(Dataset items)
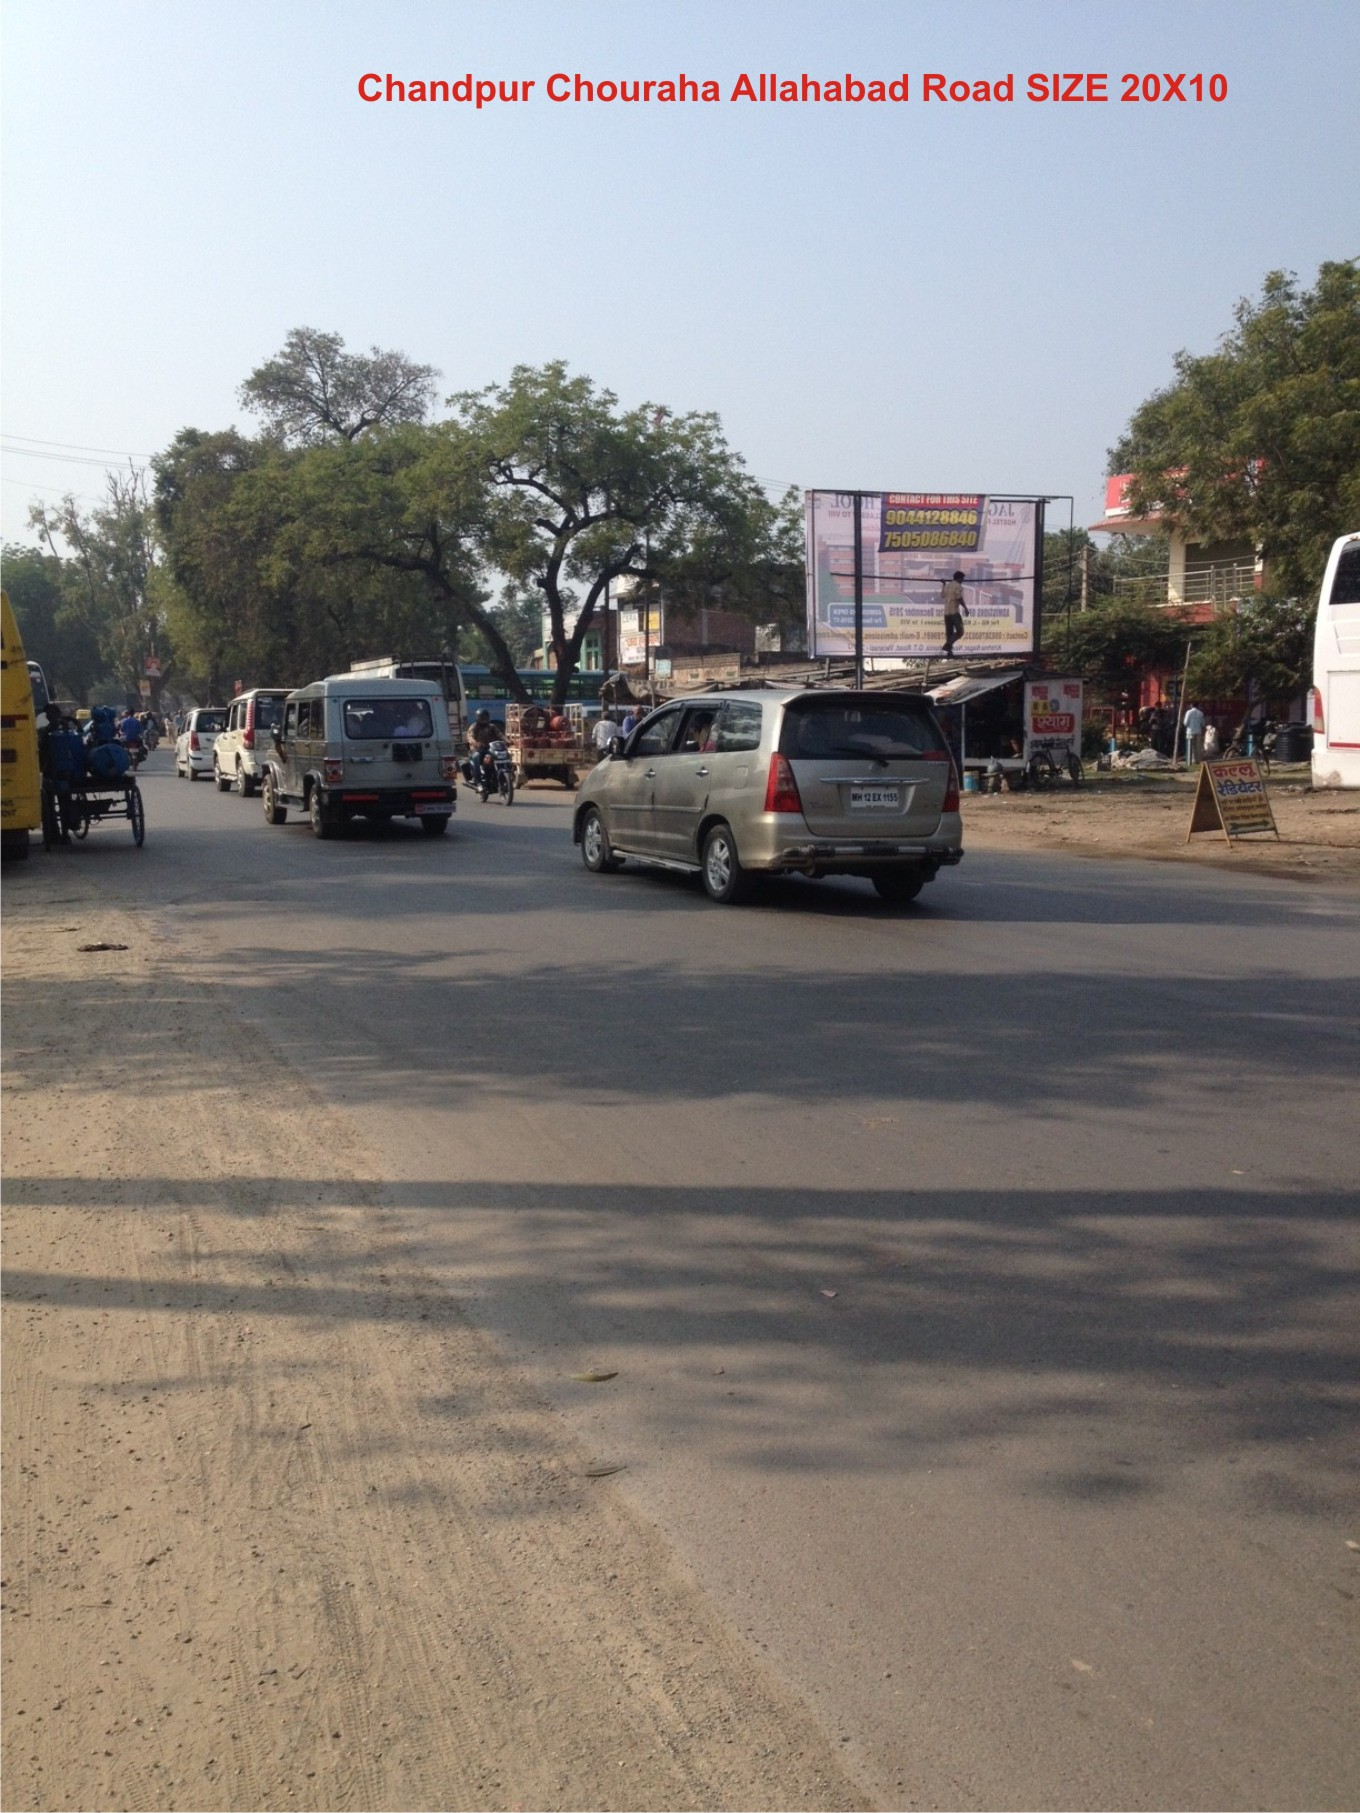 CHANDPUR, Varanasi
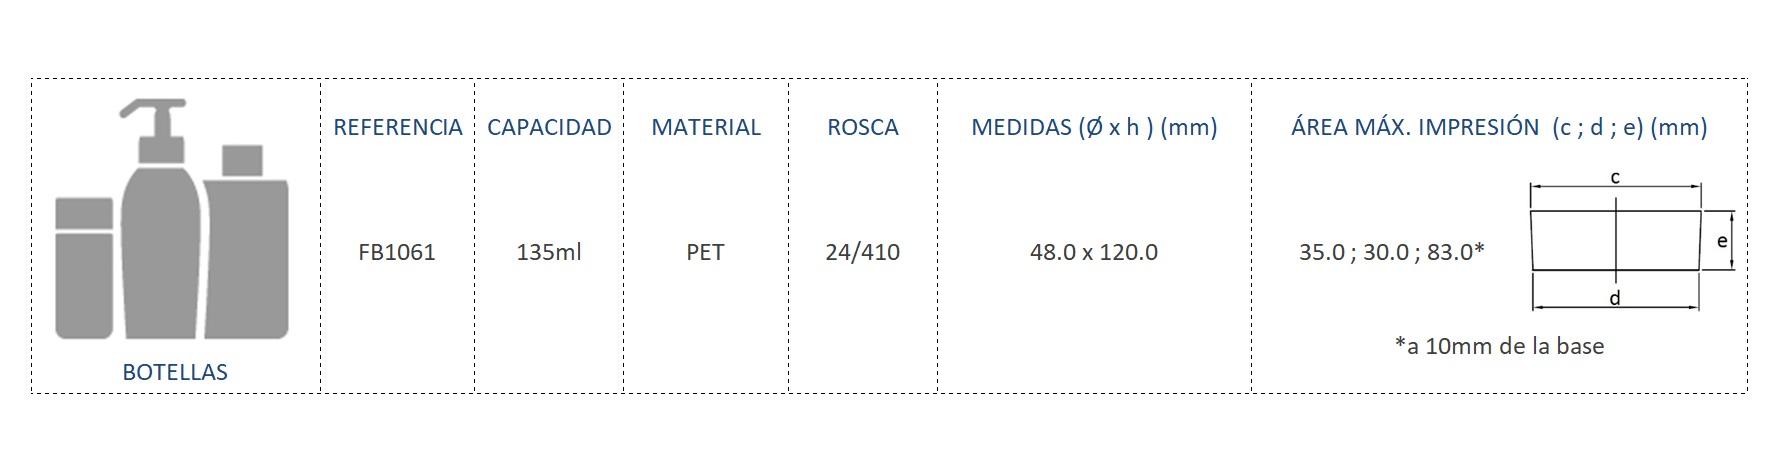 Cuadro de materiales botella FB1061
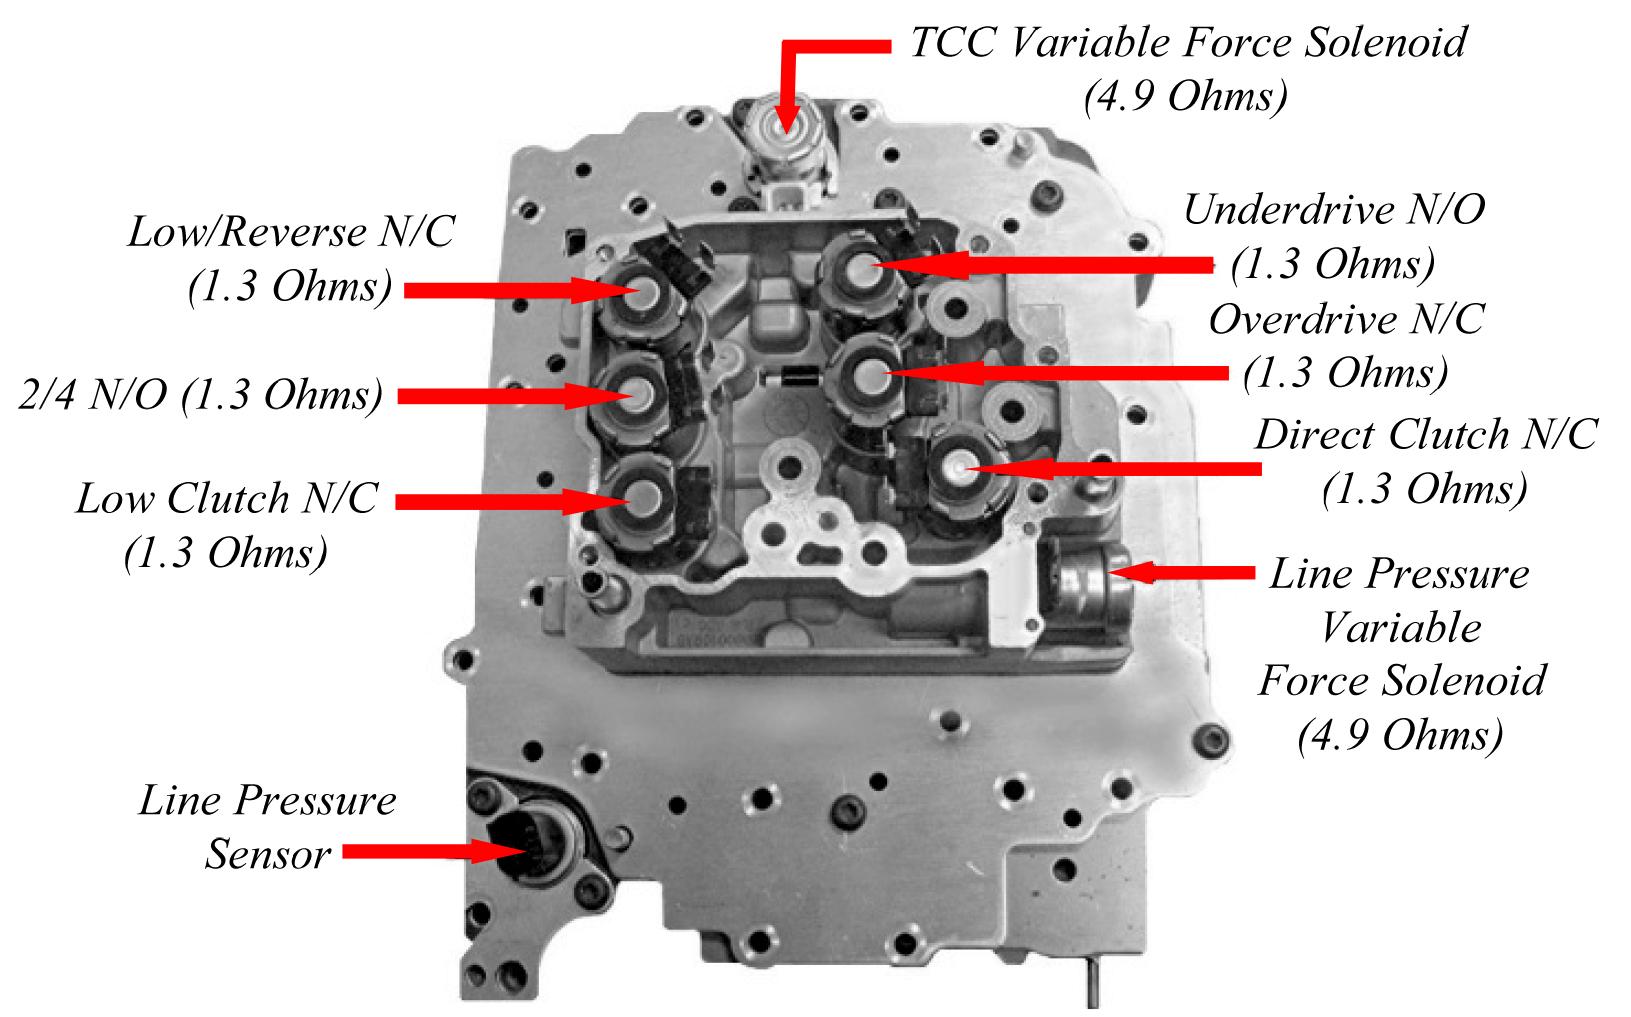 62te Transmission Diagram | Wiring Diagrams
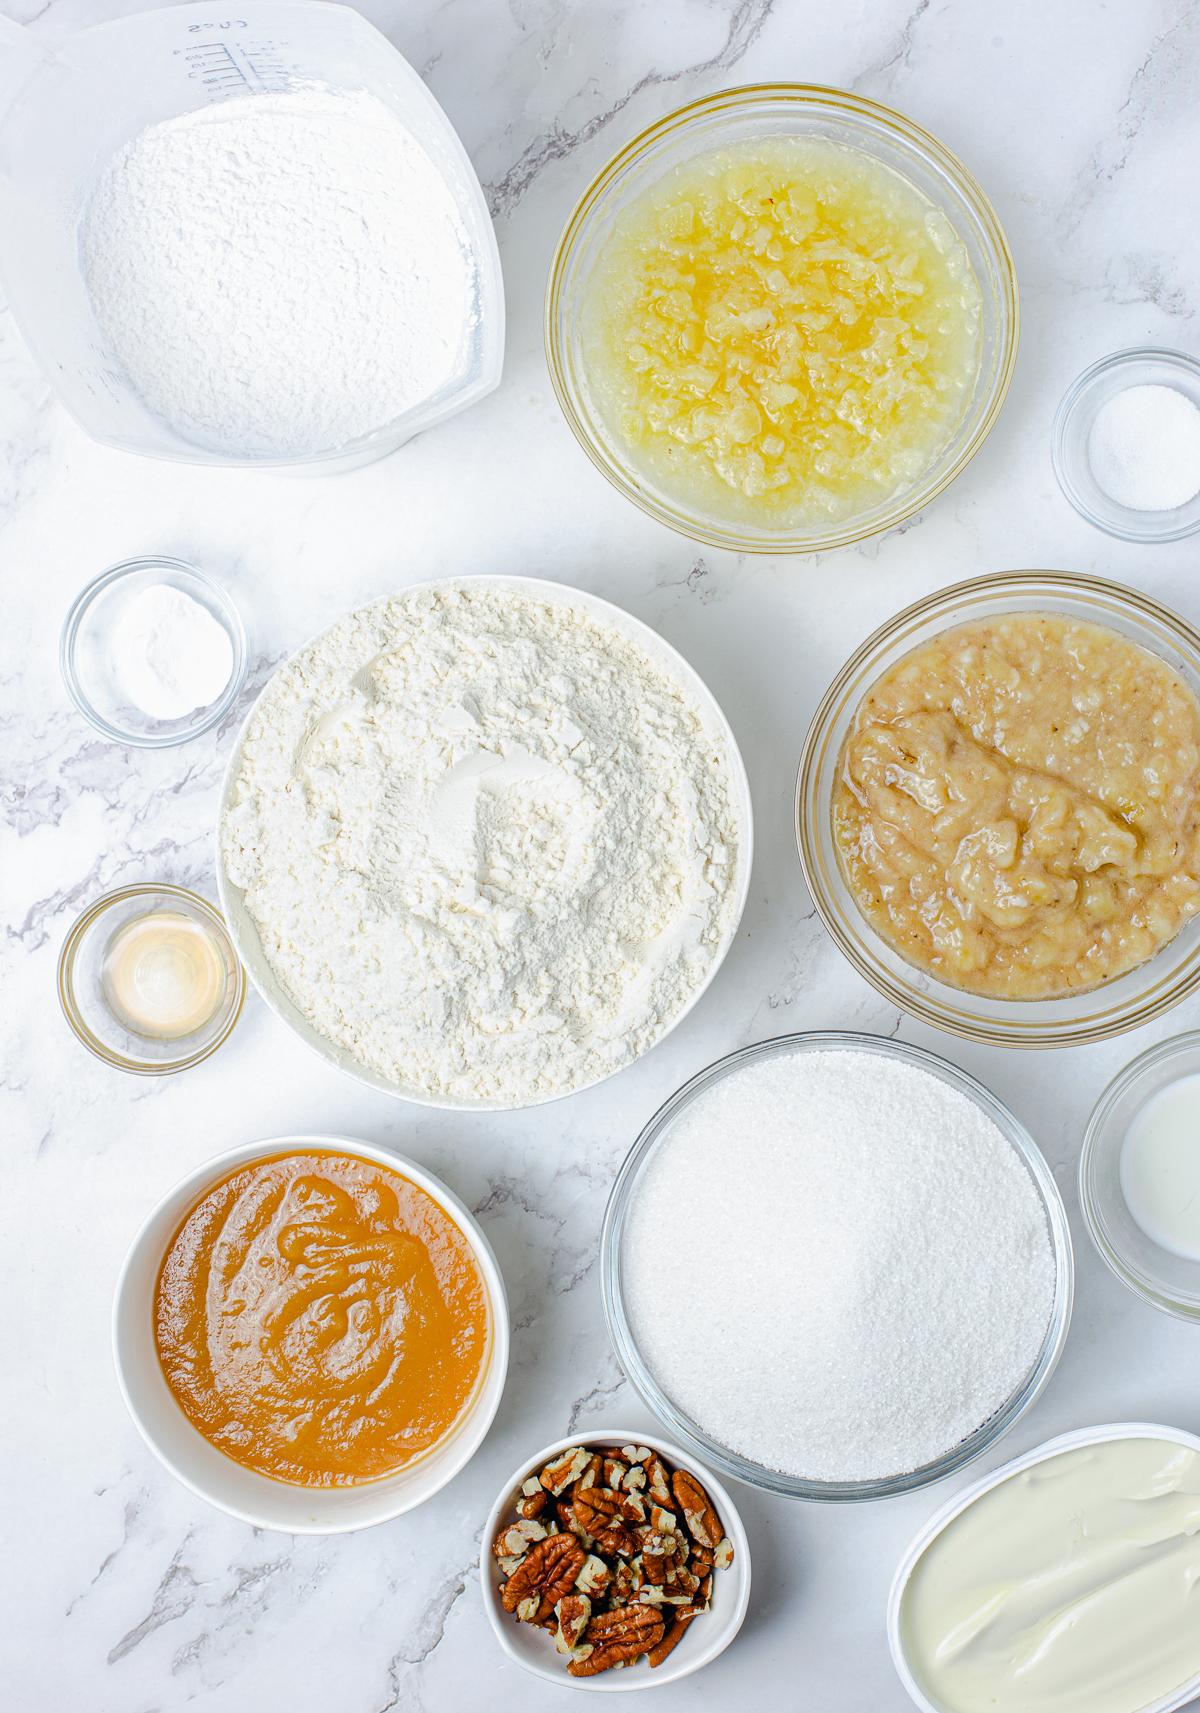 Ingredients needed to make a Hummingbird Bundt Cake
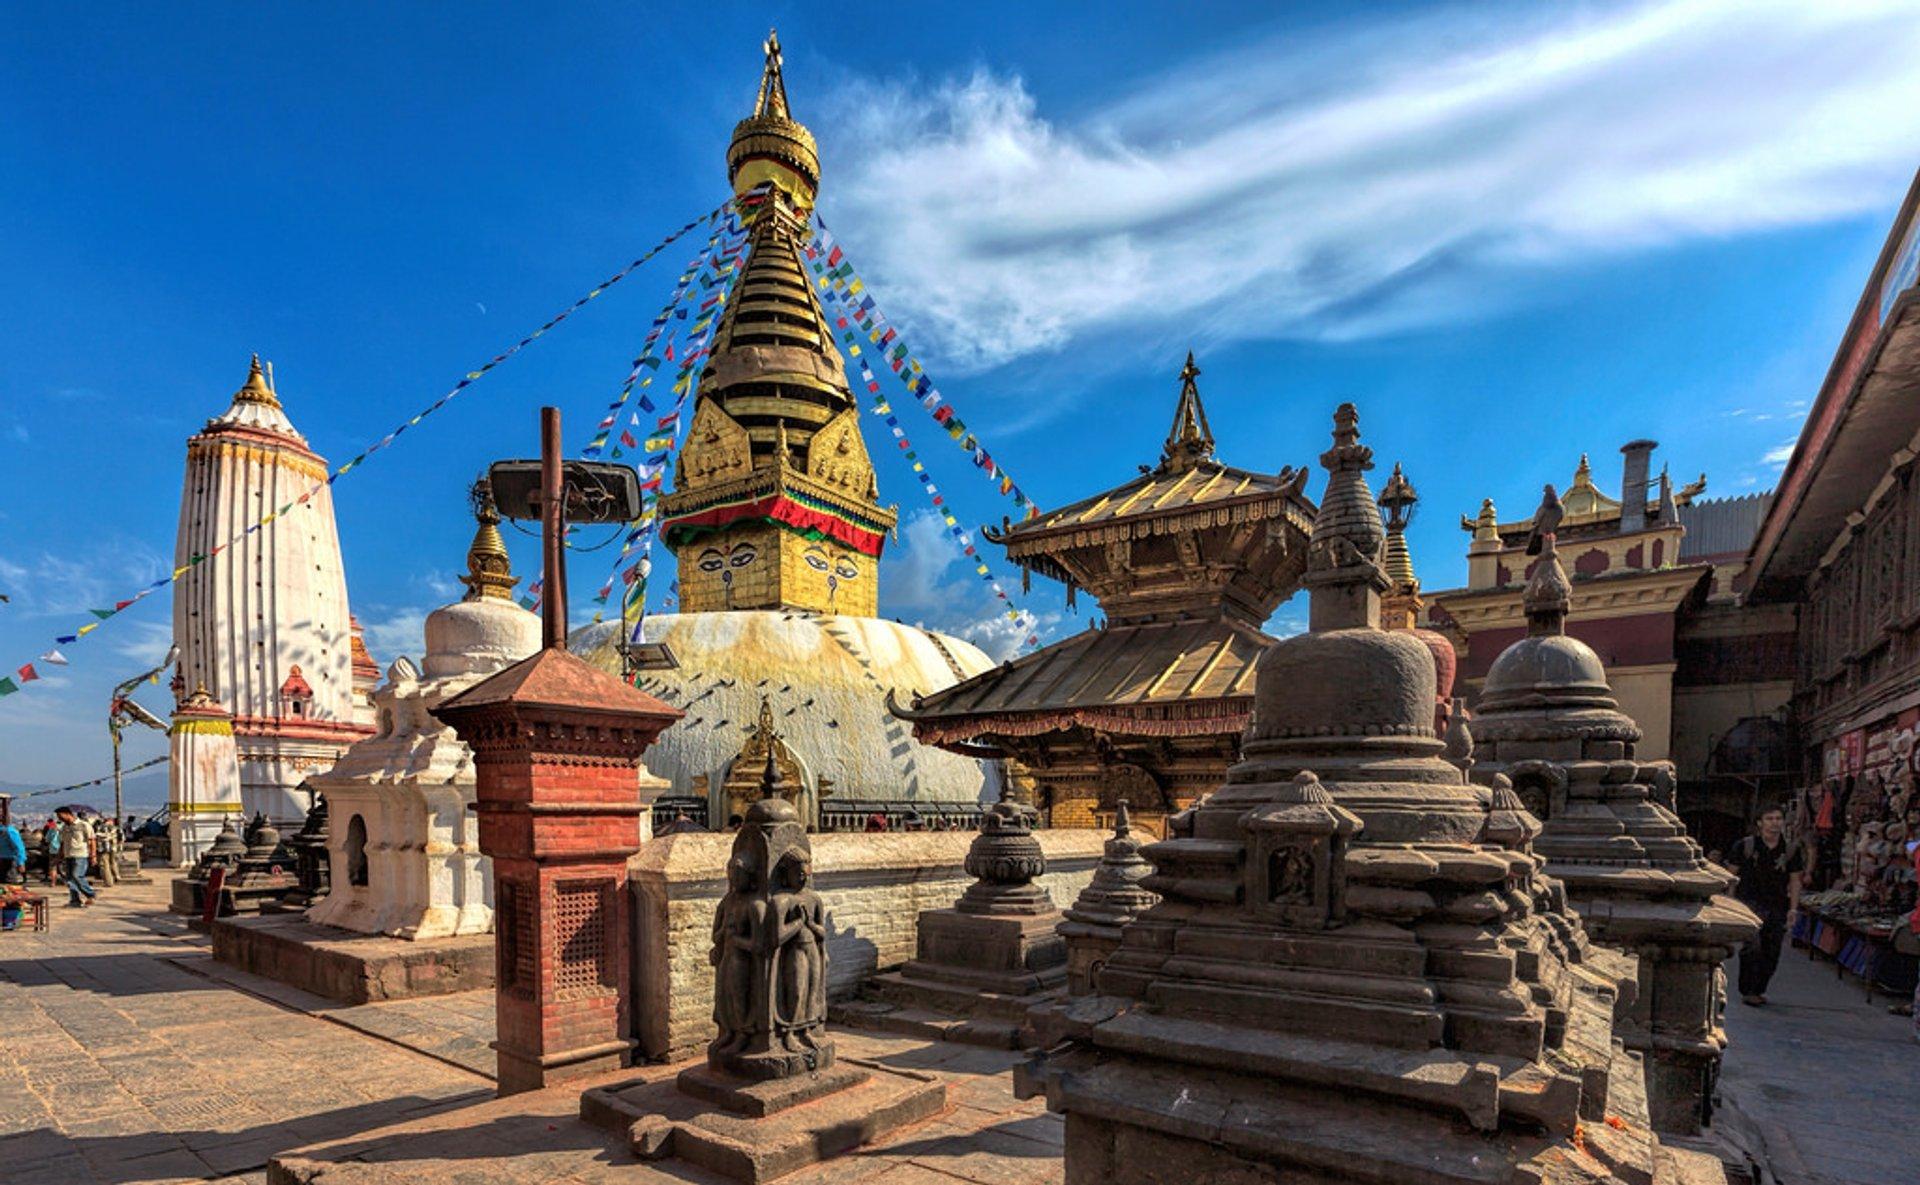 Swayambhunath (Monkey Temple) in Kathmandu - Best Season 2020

--- What to produce ---
In your copy of the entries above, leave out the pictures and keep every word exact.

--- Exercise output ---
 CHANDPUR, Varanasi
 Cuadro de materiales botella FB1061
 62te Transmission Diagram | Wiring Diagrams
 Ingredients needed to make a Hummingbird Bundt Cake
 Swayambhunath (Monkey Temple) in Kathmandu - Best Season 2020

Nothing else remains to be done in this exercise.